The flag of the USA (© Shutterstock/Graeme Dawes)
The flag of the USA (© Shutterstock/Graeme Dawes)

Wolf Carbon Solutions has withdrawn its permit application to build a carbon capture pipeline in Illinois, the latest setback for technology in recent months, Reuters reported on Tuesday, Nov. 21, 2023.

The pipeline, which would have transported up to 12 million tons of carbon dioxide annually to a storage site in Decatur, Illinois, faced opposition from landowners and environmental groups, prompting the company to withdraw the permit application. 

Wolf is the latest company to face drawbacks barely a month after Nebraska-based Navigator CO2 Ventures canceled its Heartland Greenway pipeline project in October. Iowa-based Summit Carbon Solutions also had its pipeline permit applications for the North Dakota section denied in August and South Dakota in September.

Earlier, the Illinois Commerce Commission staff also recommended denying Wolf Carbon Solutions the permit application, citing concerns about the company's agreement with Archer-Daniels-Midland (ADM), which owns the ethanol plants that would have been the source of the captured carbon.

Wolf Carbon said it will refile the permit application in early 2024 after addressing the concerns raised by the ICC staff. The company remains committed to the project, which it says would help reduce emissions from the ethanol industry.

The ethanol industry is increasingly relying on carbon capture and storage (CCS) to reduce its emissions and remain competitive with electric vehicles. CCS technology captures carbon dioxide from industrial processes and stores it underground, preventing it from entering the atmosphere.

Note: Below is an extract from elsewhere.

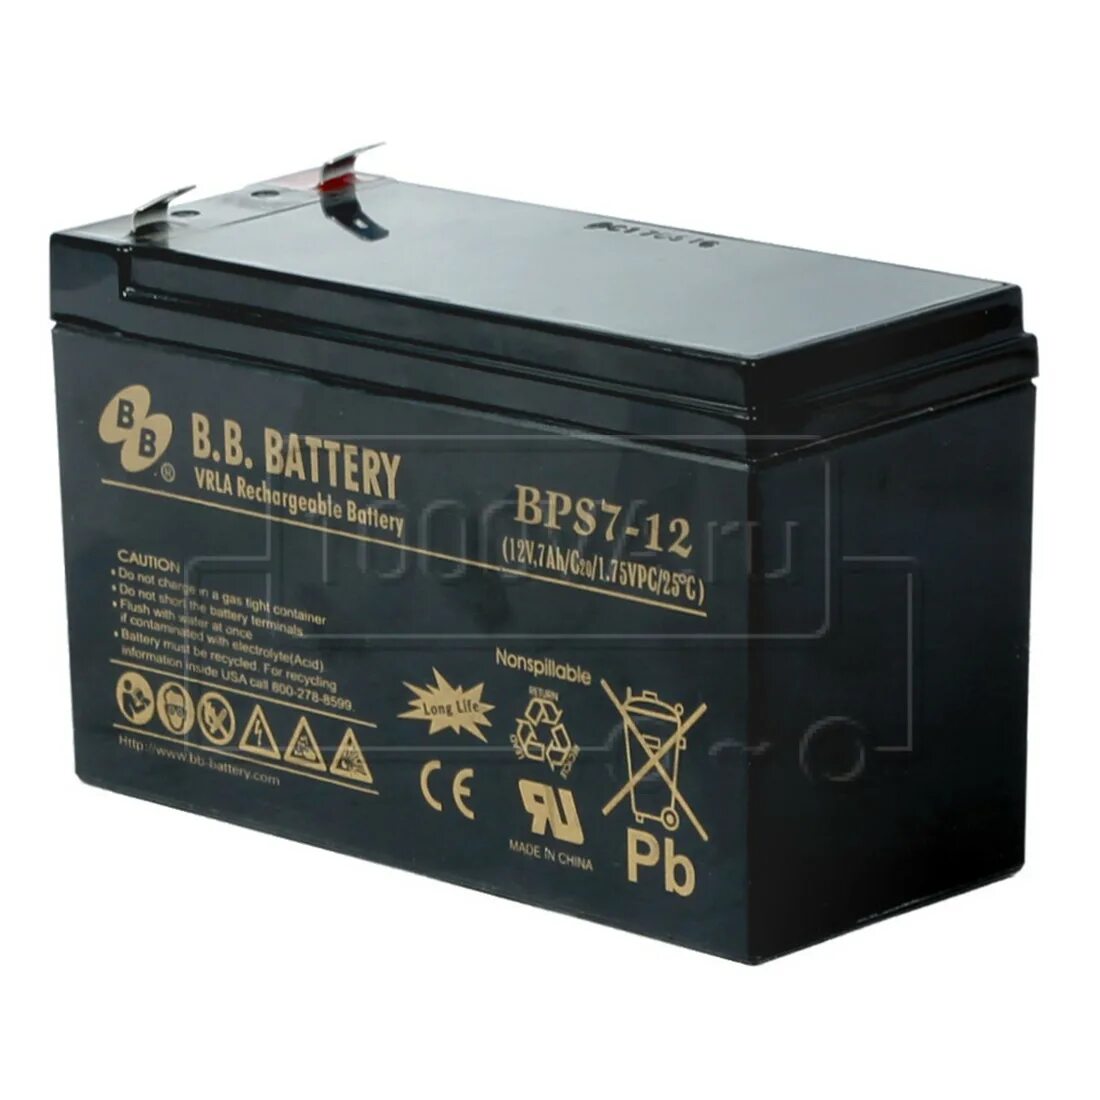 Ip battery. Аккумулятор BB.Battery bps7-12 12в 7ач. BPS 100-12 аккумулятор. Аккумуляторная батарея b.b.Battery bps7-12, 12v, 7ah. Аккумуляторная батарея BB Battery BPS 100-12.

Despite the setbacks, CCS is seen as a key part of the Biden administration's plan to reach net-zero emissions by 2050. The US federal administration has announced $11.5 billion in funding for CCS projects, and the Department of Energy is working to develop new CCS technologies.

However, CCS remains a controversial technology, with critics raising concerns about its cost, environmental risks, and the potential for leakage.

The withdrawal of Wolf Carbon's permit application is a blow to the ethanol industry and the CCS industry as a whole. However, it is unclear whether this setback will derail the industry's long-term plans for CCS.